ASSIGNED TASK: Output, exactly and in full, only the lines from the one containing "Billede 19 - Honda" to the last line of the data. Pictures should not appear.

SUPPLIED DATA:

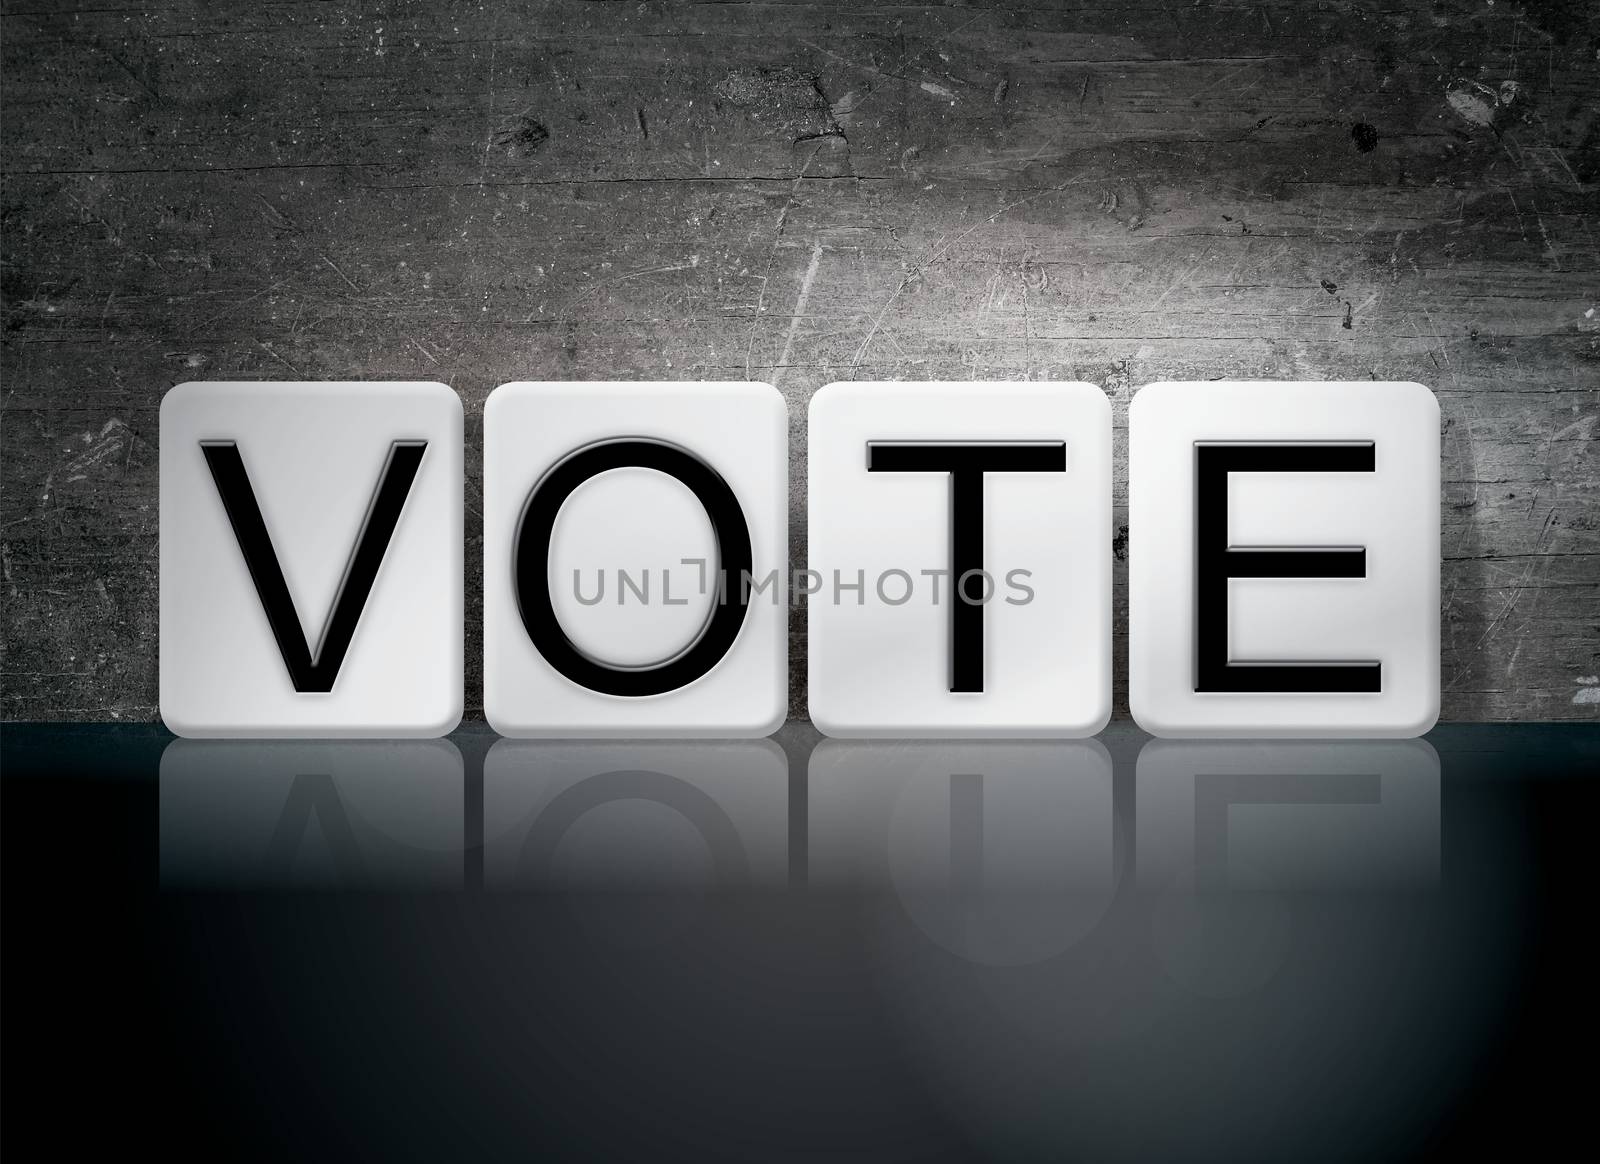 The word "Vote" written in white tiles against a dark vintage grunge background.
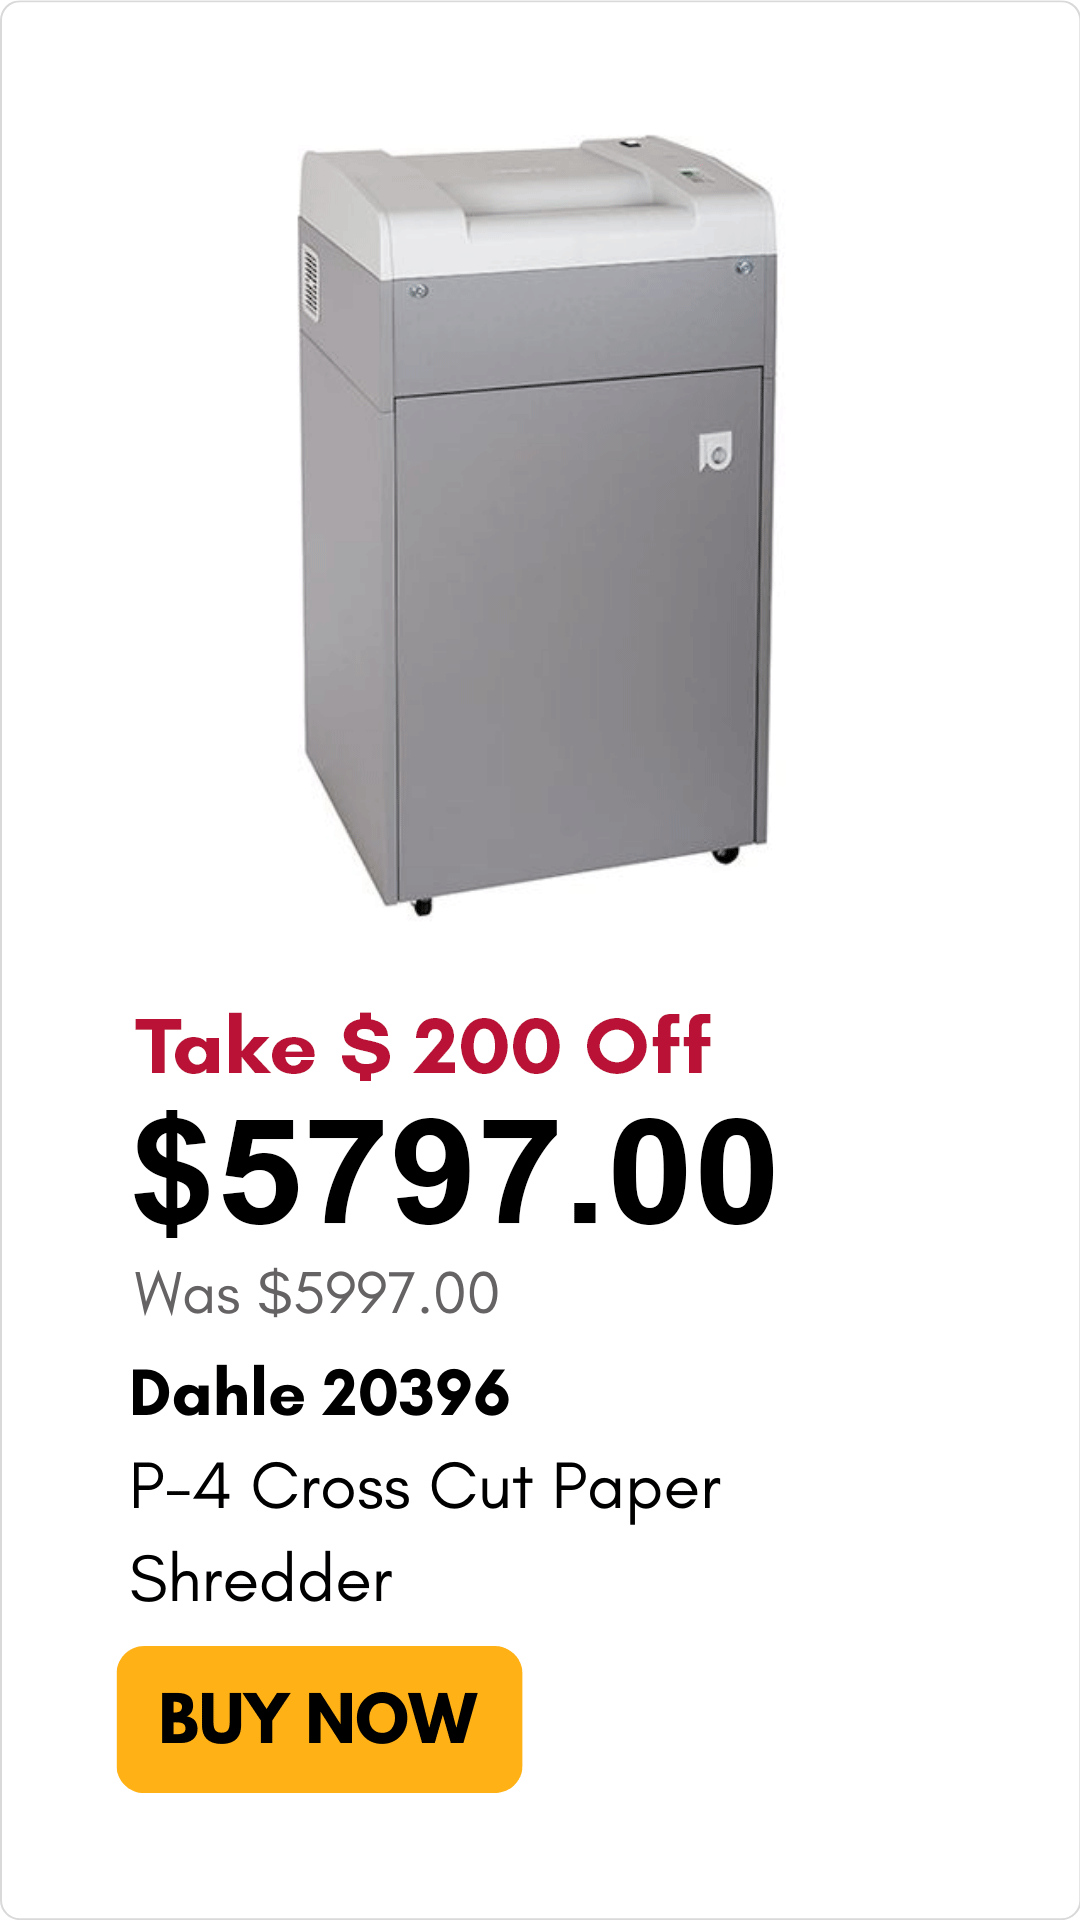 Dahle 20396 shredder on sale for $200 off
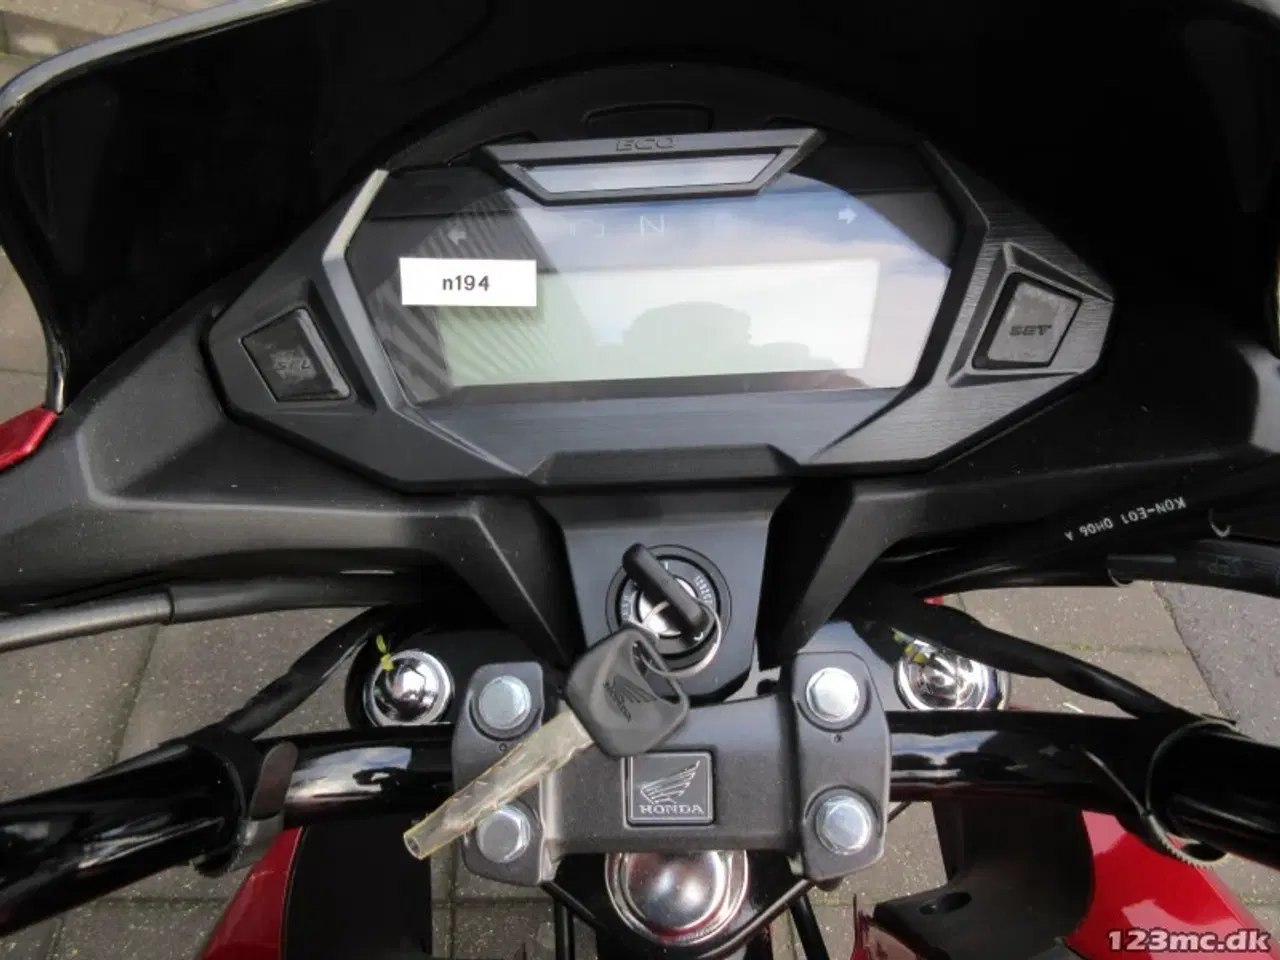 Billede 19 - Honda CBF 125 MC-SYD BYTTER GERNE
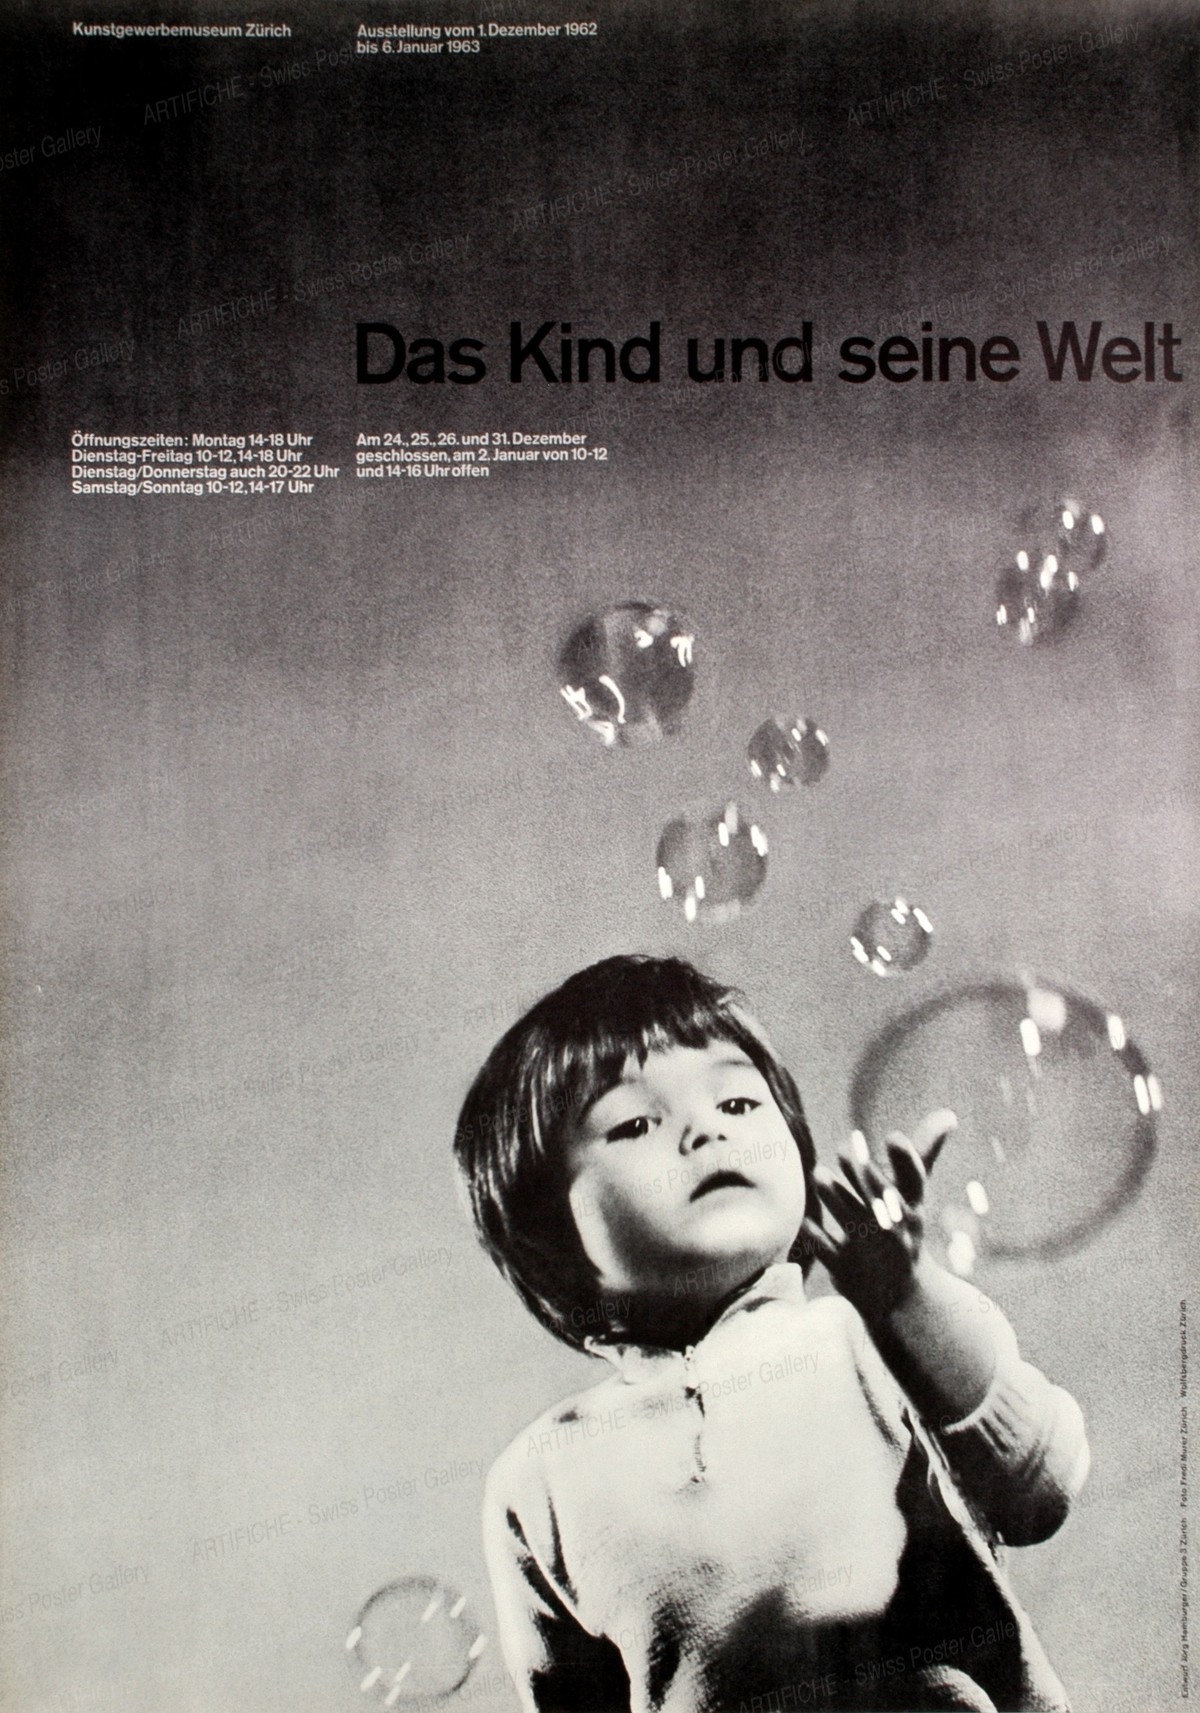 Das Kind und seine Welt – Kunstgewerbemuseum Zürich, Jörg Hamburger

EXERCISE OUTPUT:
 Billede 19 - Honda CBF 125 MC-SYD BYTTER GERNE
 Das Kind und seine Welt – Kunstgewerbemuseum Zürich, Jörg Hamburger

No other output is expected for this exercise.